▶ [EXERCISE PROMPT] With the images excluded, set down every line of the listing below exactly.

▶ [DATASET EXTRACT]

# # # #

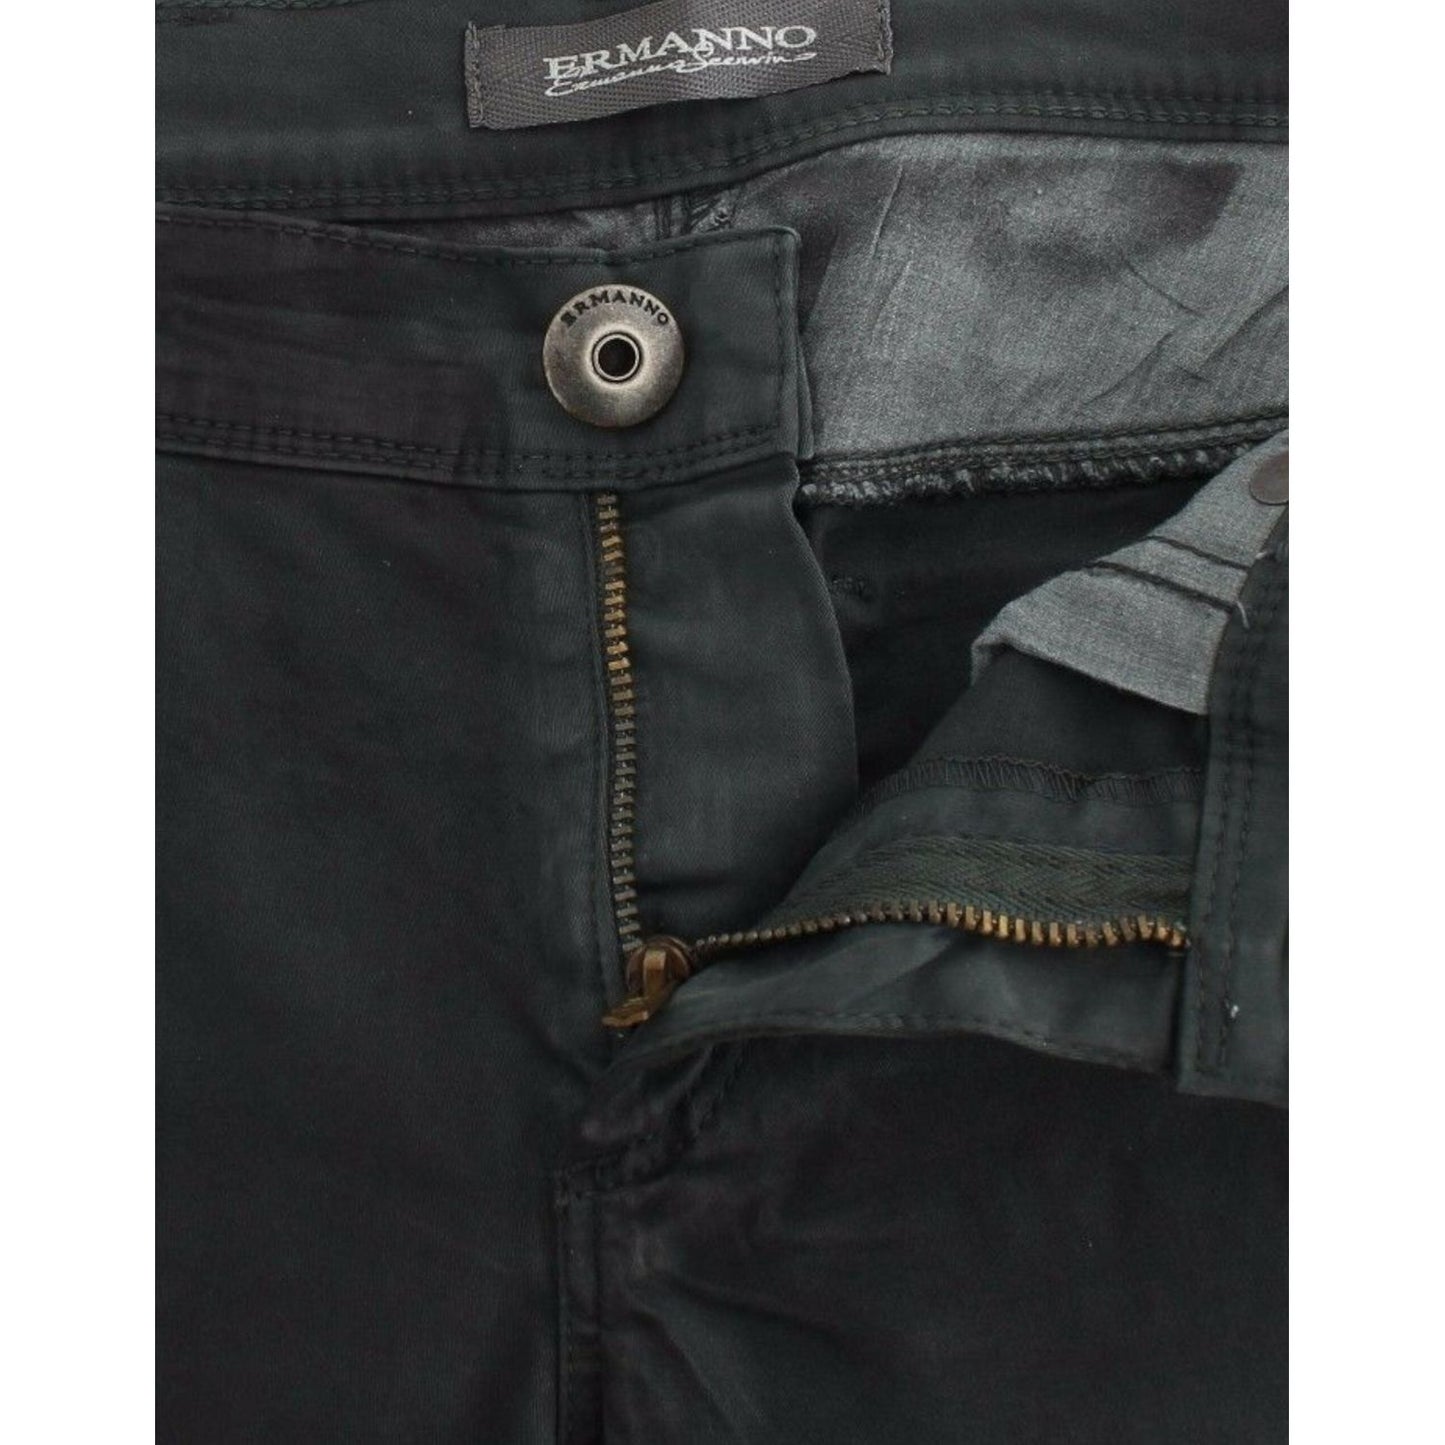 Ermanno Scervino | Elegant Dark Green Slim Fit Jeans| McRichard Designer Brands   
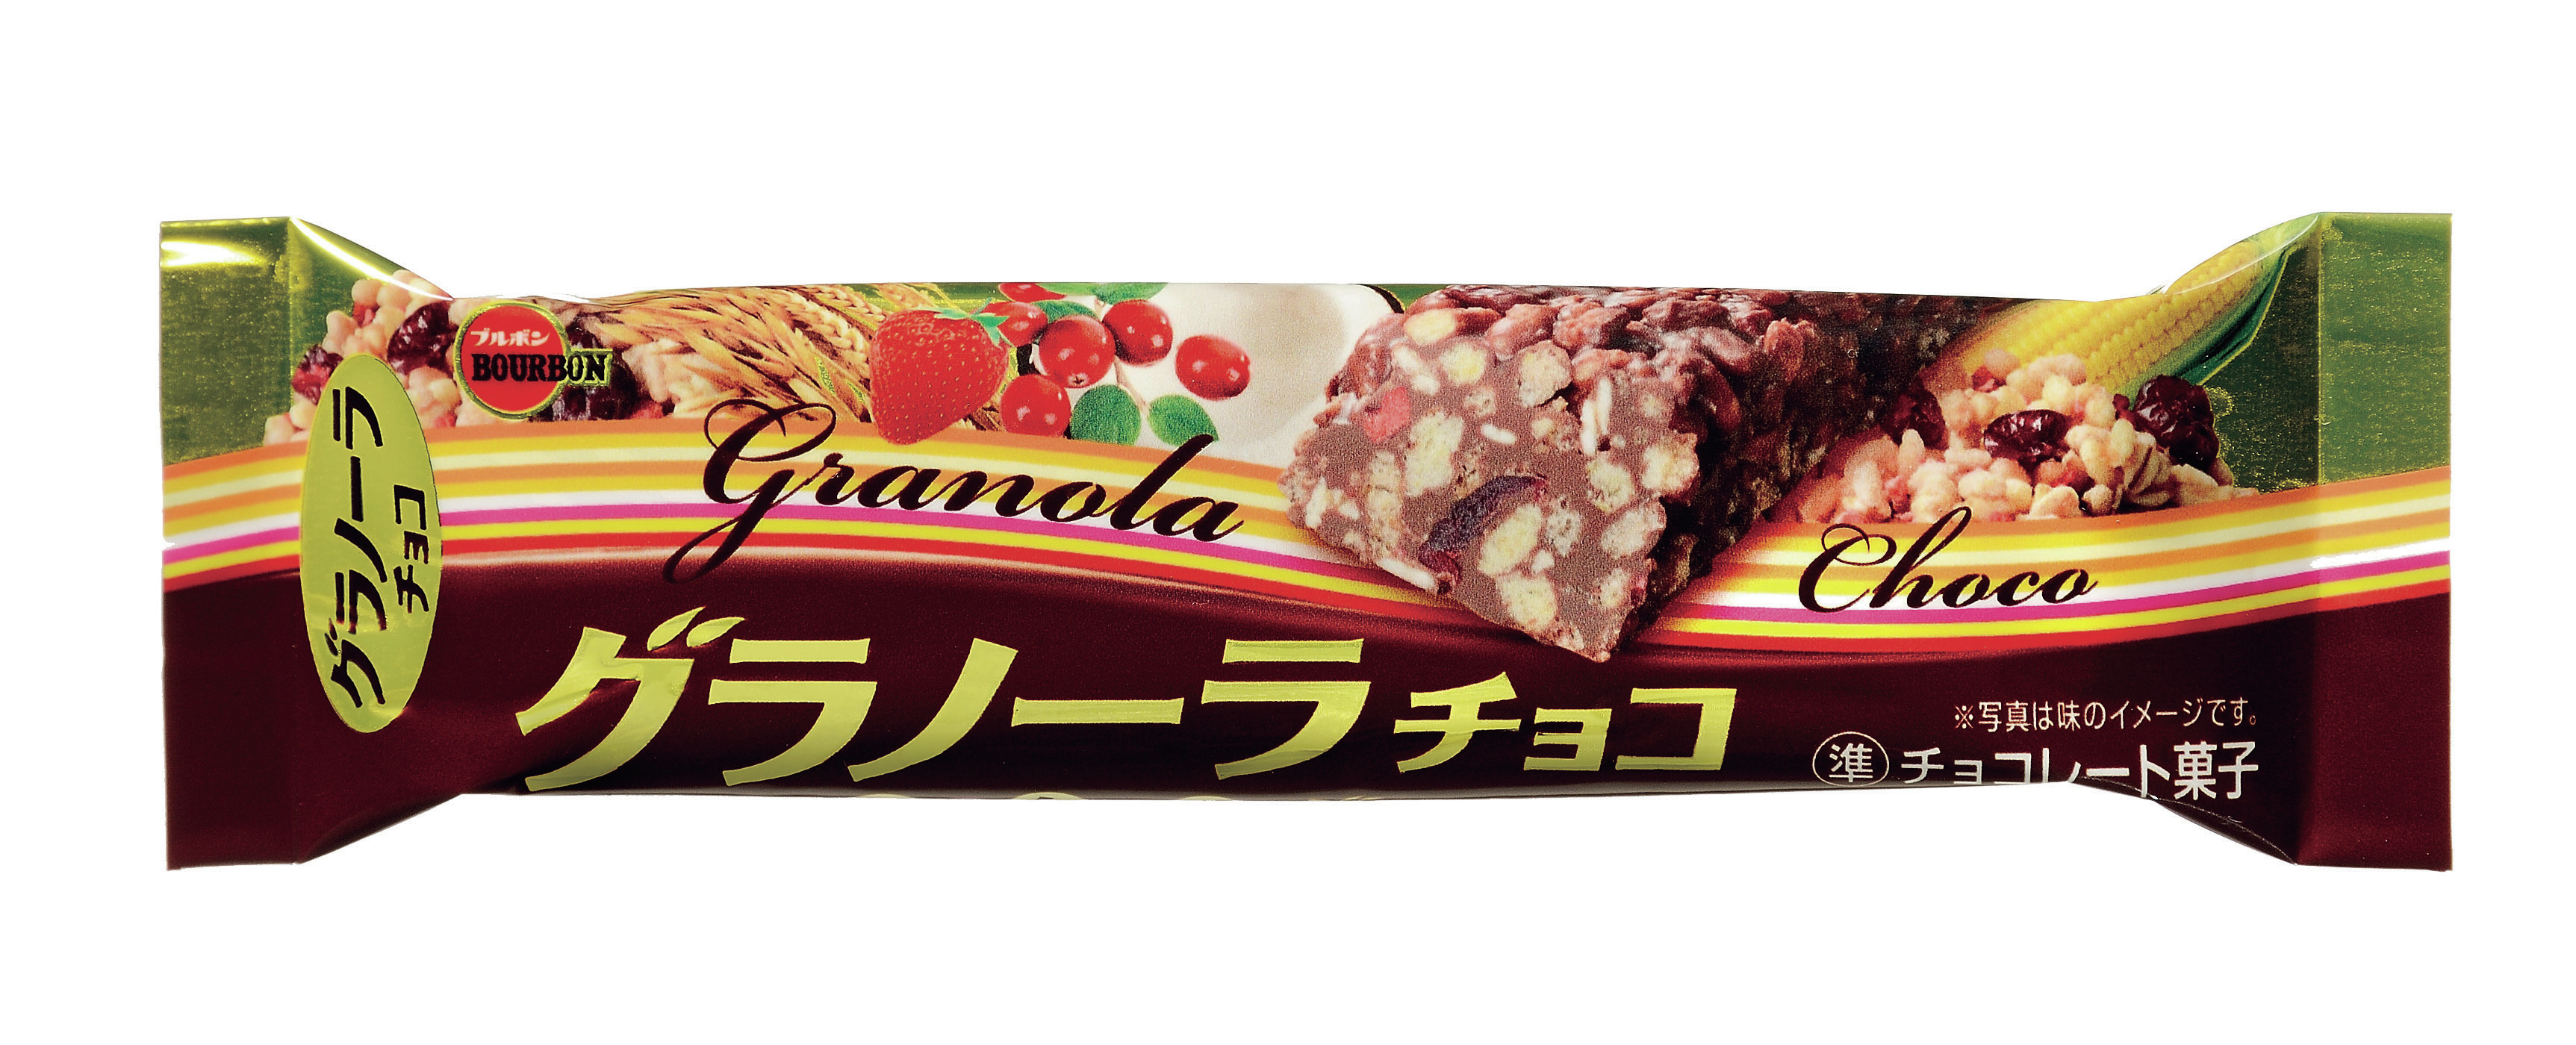 ブルボン バーシリーズ より グラノーラチョコ を9月22日 火 祝 に新発売 チョコレート ザクザクグラノーラ 株式会社ブルボンのプレスリリース
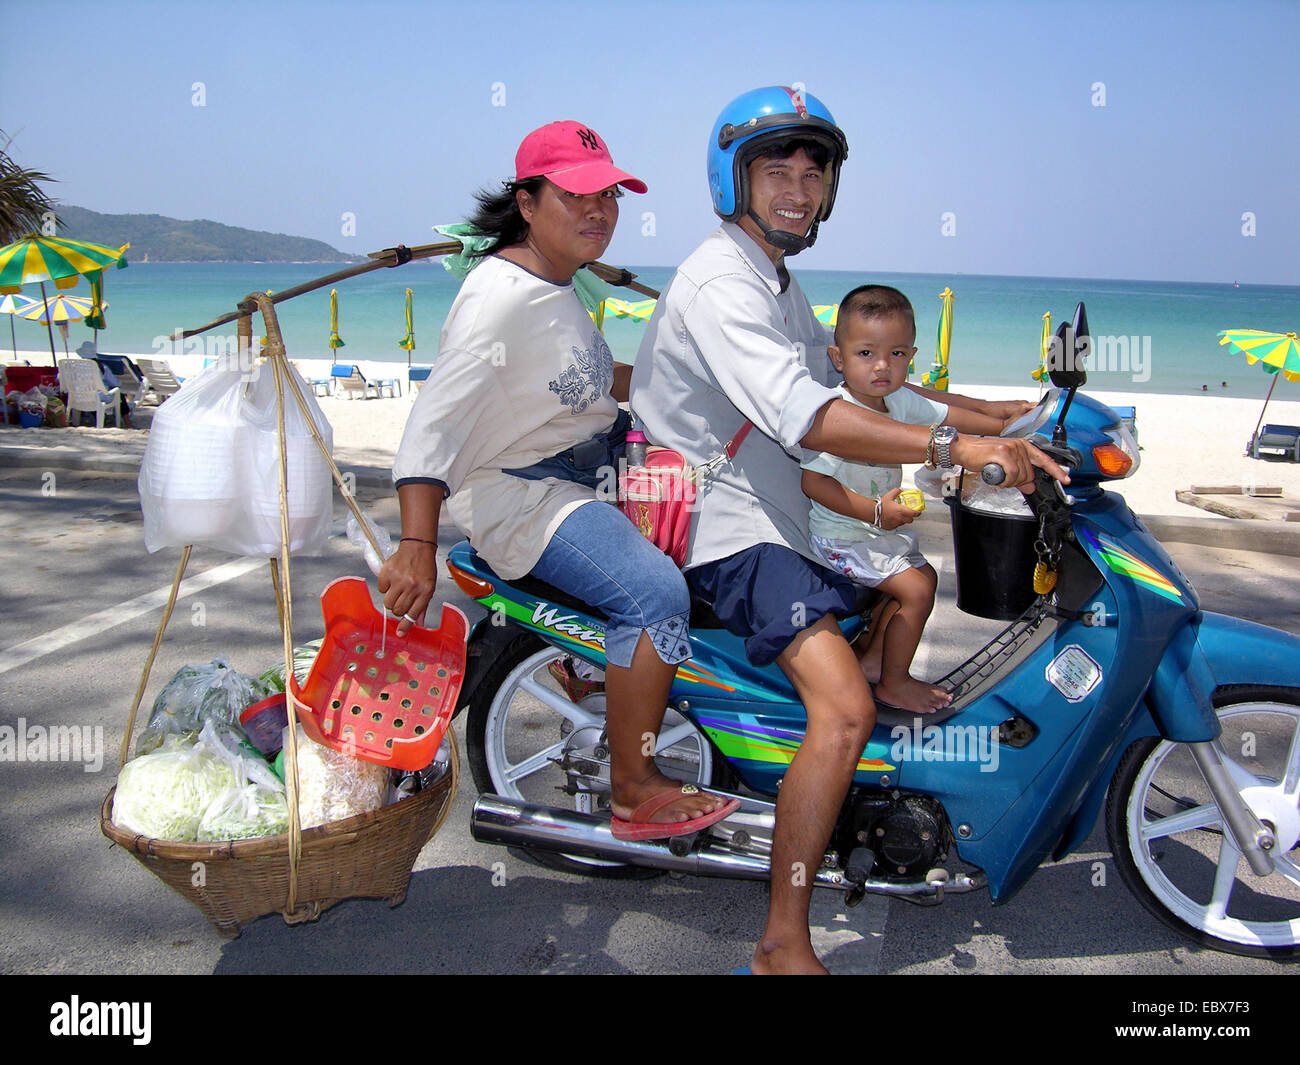 Familia tailandesa en motocicleta, Tailandia Foto de stock
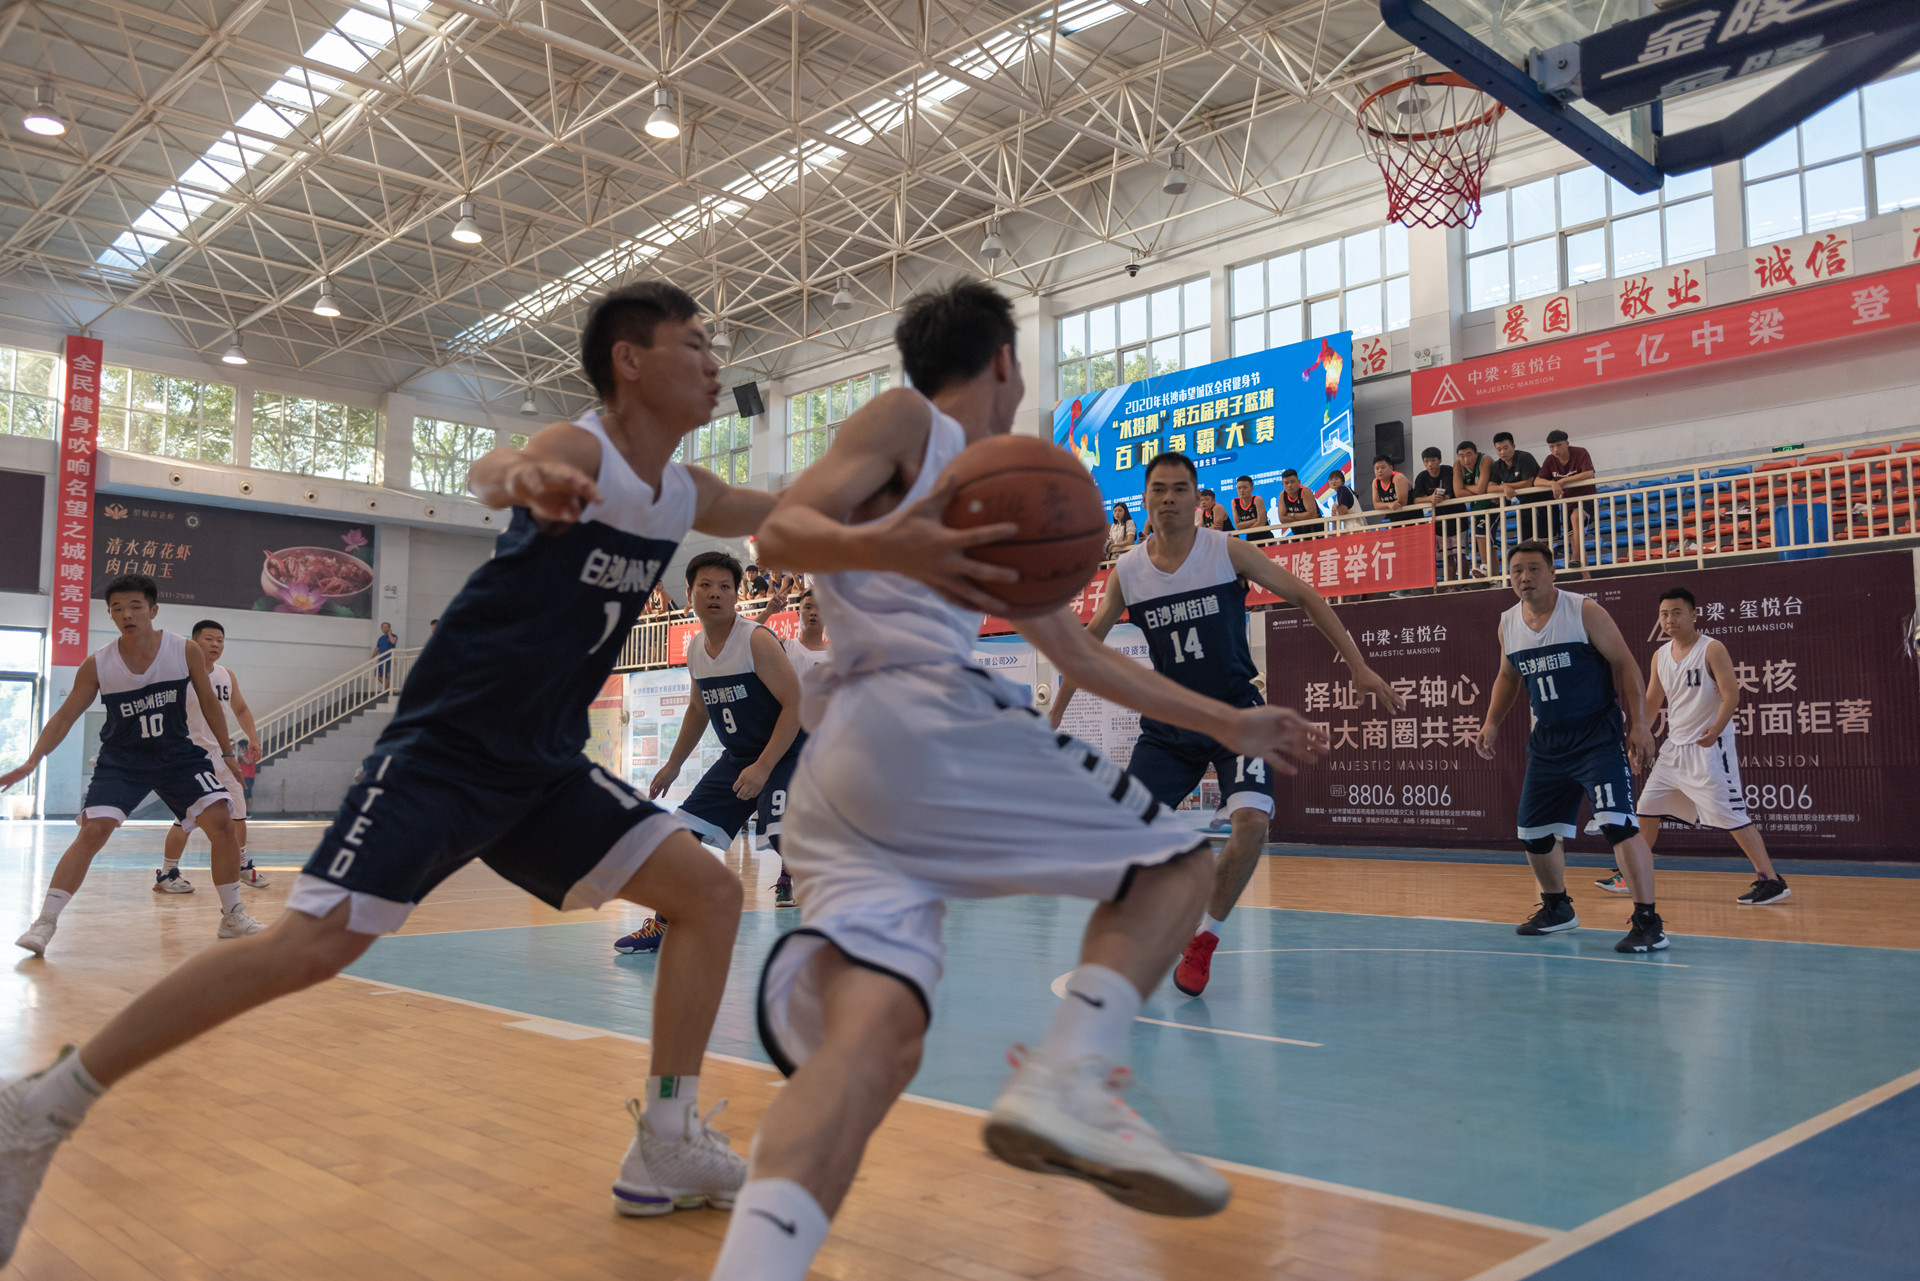 长沙望城第五届男篮百村赛总决赛开幕   “乡里人”上演篮球狂欢

# # # #

▶ [REPLY]
 Ermanno Scervino | Elegant Dark Green Slim Fit Jeans| McRichard Designer Brands   
 ブルボン バーシリーズ より グラノーラチョコ を9月22日 火 祝 に新発売 チョコレート ザクザクグラノーラ 株式会社ブルボンのプレスリリース
 Familia tailandesa en motocicleta, Tailandia Foto de stock
 长沙望城第五届男篮百村赛总决赛开幕   “乡里人”上演篮球狂欢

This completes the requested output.